All lines from the one containing "Mortal Kombat XL" to the end of the entries below must be output exactly, and no other lines.
▬▬▬
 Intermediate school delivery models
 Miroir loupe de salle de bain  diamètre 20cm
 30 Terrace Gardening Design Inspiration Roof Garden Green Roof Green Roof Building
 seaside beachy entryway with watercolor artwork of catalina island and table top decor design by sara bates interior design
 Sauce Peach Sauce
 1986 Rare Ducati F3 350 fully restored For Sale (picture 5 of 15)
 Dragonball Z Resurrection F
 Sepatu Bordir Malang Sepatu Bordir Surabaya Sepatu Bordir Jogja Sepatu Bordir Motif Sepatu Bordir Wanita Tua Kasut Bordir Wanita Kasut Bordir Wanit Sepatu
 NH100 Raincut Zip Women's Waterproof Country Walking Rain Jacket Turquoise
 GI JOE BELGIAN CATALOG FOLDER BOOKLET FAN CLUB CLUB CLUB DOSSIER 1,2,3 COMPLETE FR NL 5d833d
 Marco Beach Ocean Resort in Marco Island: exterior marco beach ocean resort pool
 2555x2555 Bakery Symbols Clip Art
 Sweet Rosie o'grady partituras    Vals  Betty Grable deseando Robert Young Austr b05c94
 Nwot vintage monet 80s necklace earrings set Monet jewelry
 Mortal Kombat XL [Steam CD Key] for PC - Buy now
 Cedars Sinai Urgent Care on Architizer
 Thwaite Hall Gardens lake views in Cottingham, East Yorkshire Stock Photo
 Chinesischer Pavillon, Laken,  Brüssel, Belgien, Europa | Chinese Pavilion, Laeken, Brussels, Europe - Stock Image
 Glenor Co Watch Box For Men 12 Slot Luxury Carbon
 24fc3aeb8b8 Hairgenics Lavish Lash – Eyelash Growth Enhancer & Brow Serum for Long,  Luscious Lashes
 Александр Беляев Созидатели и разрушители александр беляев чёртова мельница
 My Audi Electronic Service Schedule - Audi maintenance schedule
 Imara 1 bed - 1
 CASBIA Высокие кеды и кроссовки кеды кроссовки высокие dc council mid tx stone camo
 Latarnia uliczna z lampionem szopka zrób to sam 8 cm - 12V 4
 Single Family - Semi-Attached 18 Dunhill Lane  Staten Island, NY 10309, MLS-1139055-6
▬▬▬
ANSWER BELOW
 Mortal Kombat XL [Steam CD Key] for PC - Buy now
 Cedars Sinai Urgent Care on Architizer
 Thwaite Hall Gardens lake views in Cottingham, East Yorkshire Stock Photo
 Chinesischer Pavillon, Laken,  Brüssel, Belgien, Europa | Chinese Pavilion, Laeken, Brussels, Europe - Stock Image
 Glenor Co Watch Box For Men 12 Slot Luxury Carbon
 24fc3aeb8b8 Hairgenics Lavish Lash – Eyelash Growth Enhancer & Brow Serum for Long,  Luscious Lashes
 Александр Беляев Созидатели и разрушители александр беляев чёртова мельница
 My Audi Electronic Service Schedule - Audi maintenance schedule
 Imara 1 bed - 1
 CASBIA Высокие кеды и кроссовки кеды кроссовки высокие dc council mid tx stone camo
 Latarnia uliczna z lampionem szopka zrób to sam 8 cm - 12V 4
 Single Family - Semi-Attached 18 Dunhill Lane  Staten Island, NY 10309, MLS-1139055-6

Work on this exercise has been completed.